▸ **DATA SECTION**:
>>>

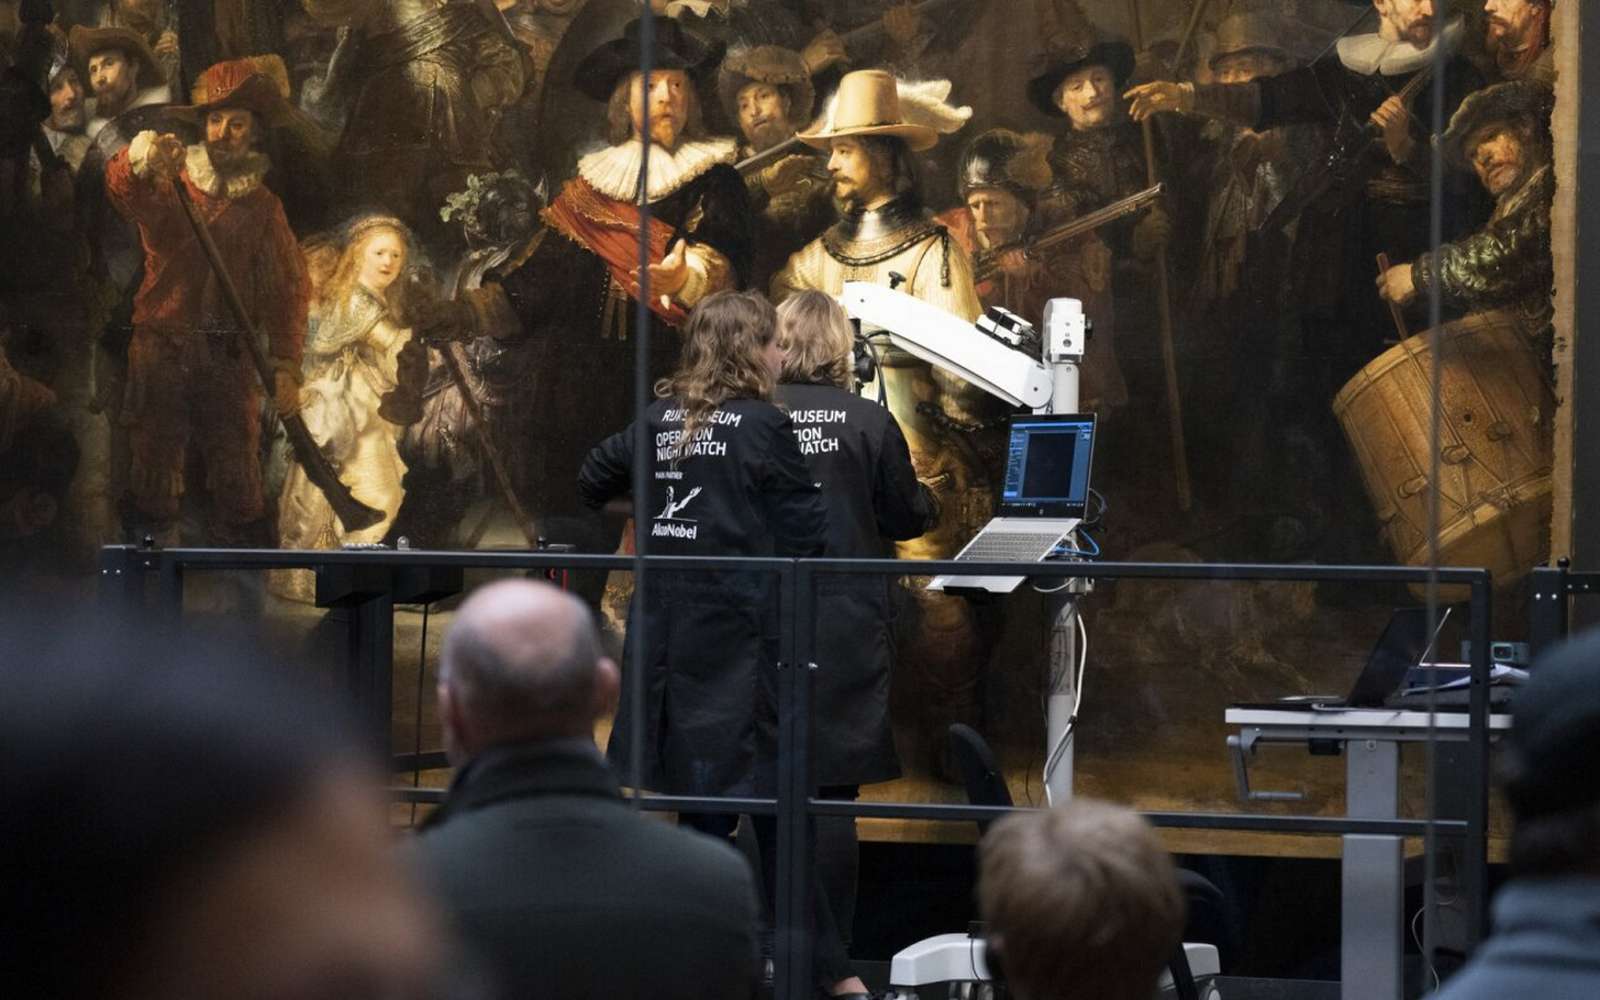 La toile de près de 16 m2 a été photographiée au plus près pour relever chaque détail de l’œuvre. © Rijksmuseum
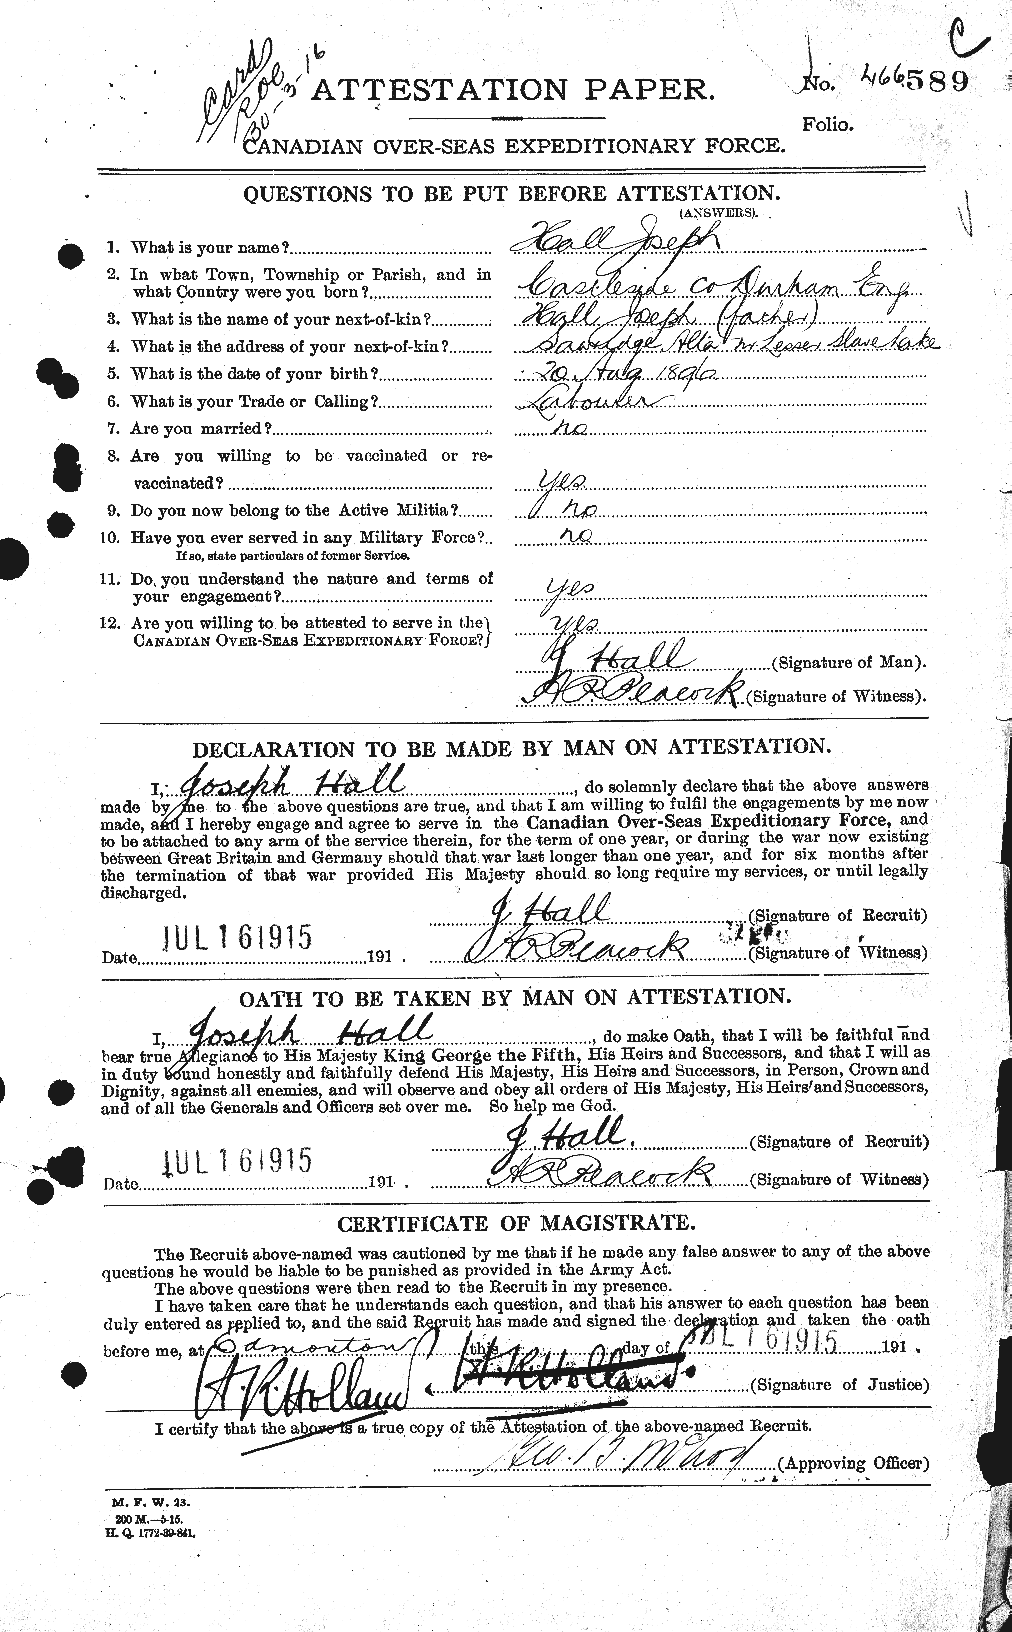 Dossiers du Personnel de la Première Guerre mondiale - CEC 369777a
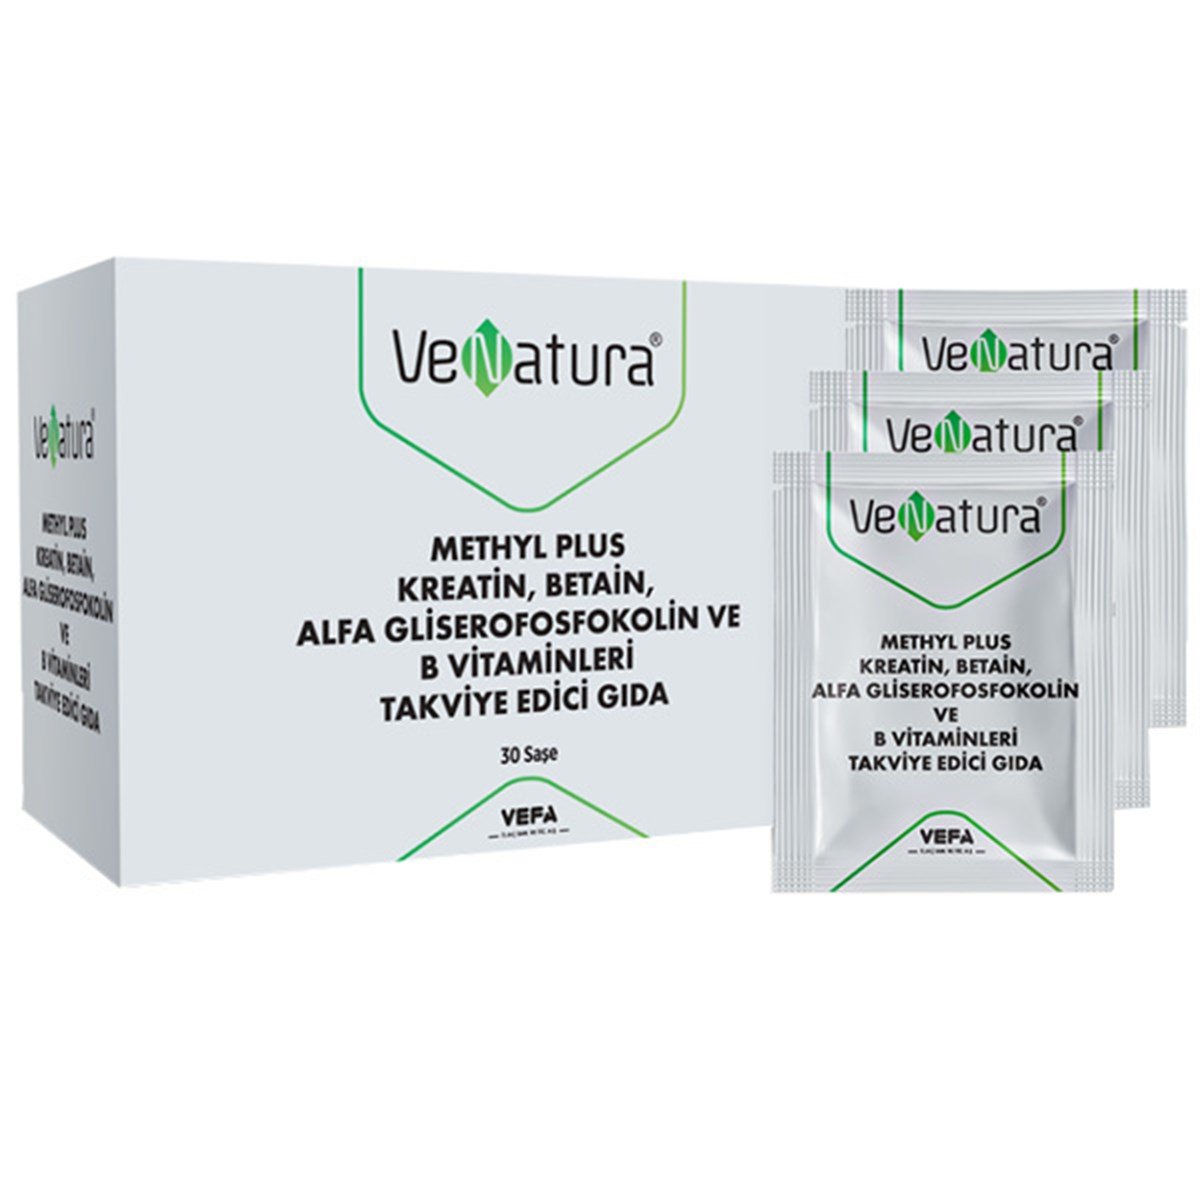 Venatura Methyl Plus Kreatin Betain Alfa Gliserofosfokolin ve B Vitaminleri  30 Saşe Gıda Takviyesi | ozekpharma.com
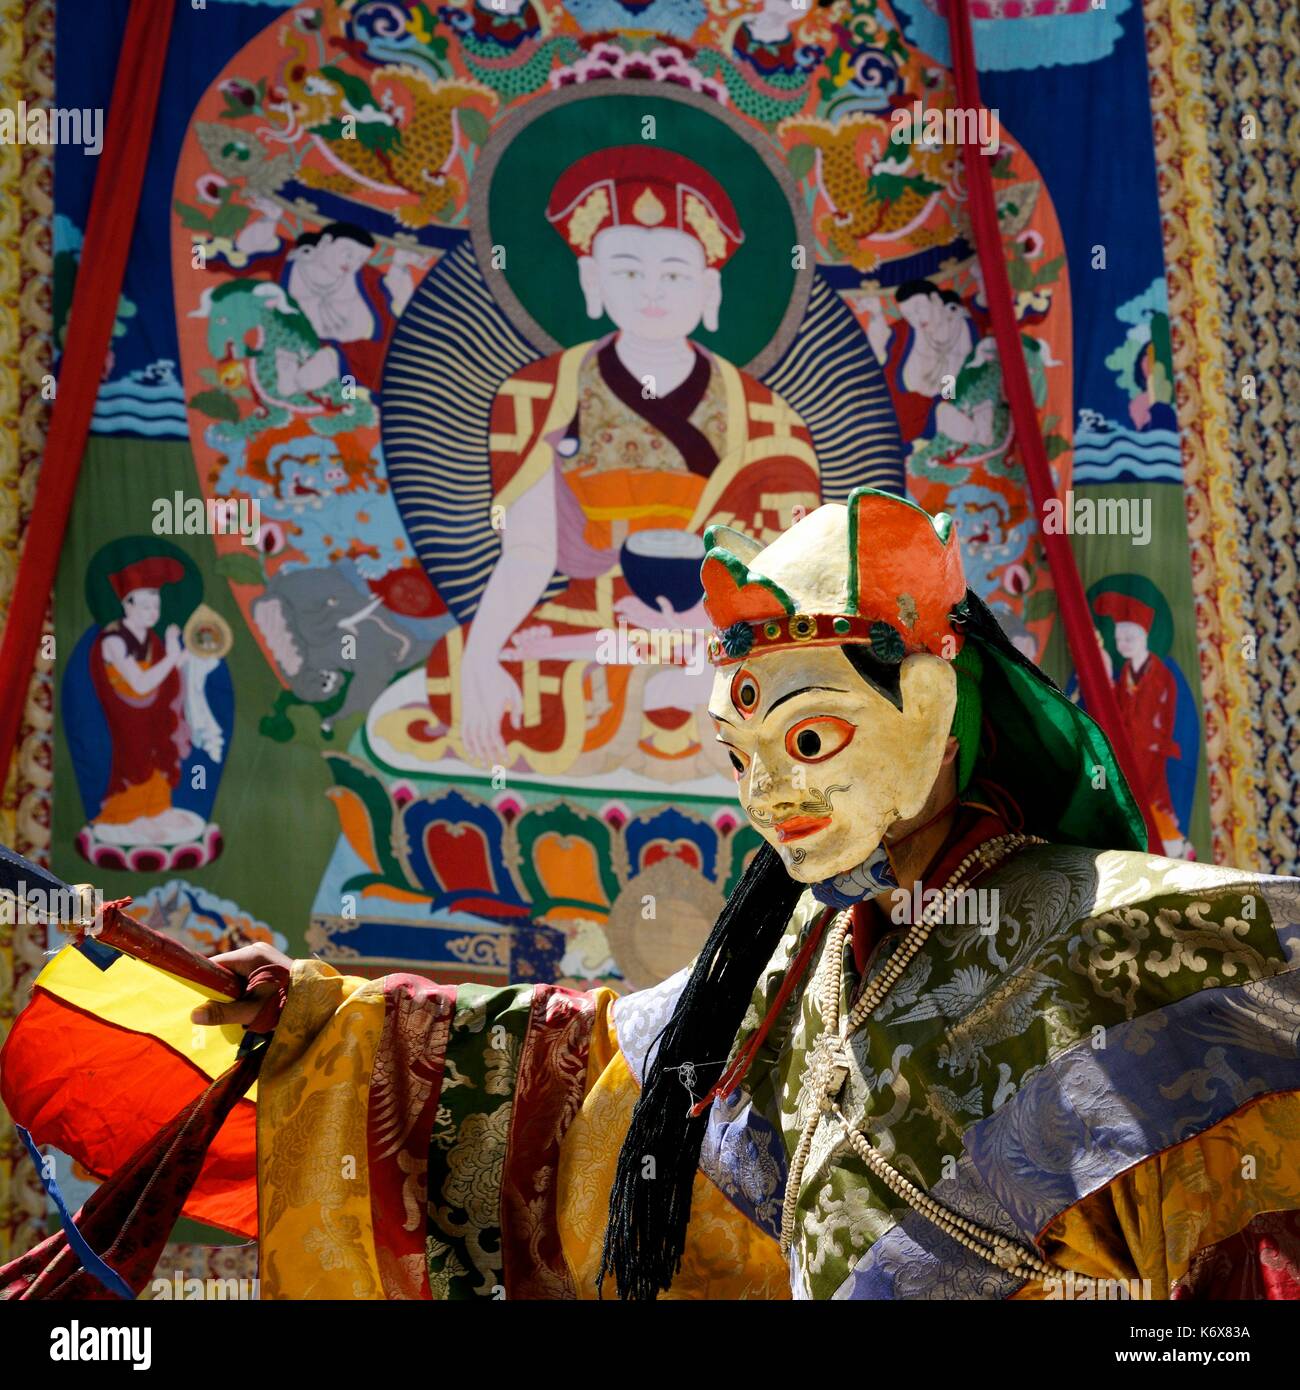 India, dello Stato del Jammu e Kashmir, Himalaya, Ladakh, Indus Valle, festival presso il monastero buddista di Phyang, maschera sacra danze eseguite da monaci thangka di Skyoba Jigten Gombo (il fondatore dell'ordine Drikungpa) in background Foto Stock

<<<

▸ **BRIEF**: The listing above should be returned word for word, with pictures omitted.

▸ **WRITTEN SOLUTION**:
 La toile de près de 16 m2 a été photographiée au plus près pour relever chaque détail de l’œuvre. © Rijksmuseum
 Dossiers du Personnel de la Première Guerre mondiale - CEC 369777a
 Venatura Methyl Plus Kreatin Betain Alfa Gliserofosfokolin ve B Vitaminleri  30 Saşe Gıda Takviyesi | ozekpharma.com
 India, dello Stato del Jammu e Kashmir, Himalaya, Ladakh, Indus Valle, festival presso il monastero buddista di Phyang, maschera sacra danze eseguite da monaci thangka di Skyoba Jigten Gombo (il fondatore dell'ordine Drikungpa) in background Foto Stock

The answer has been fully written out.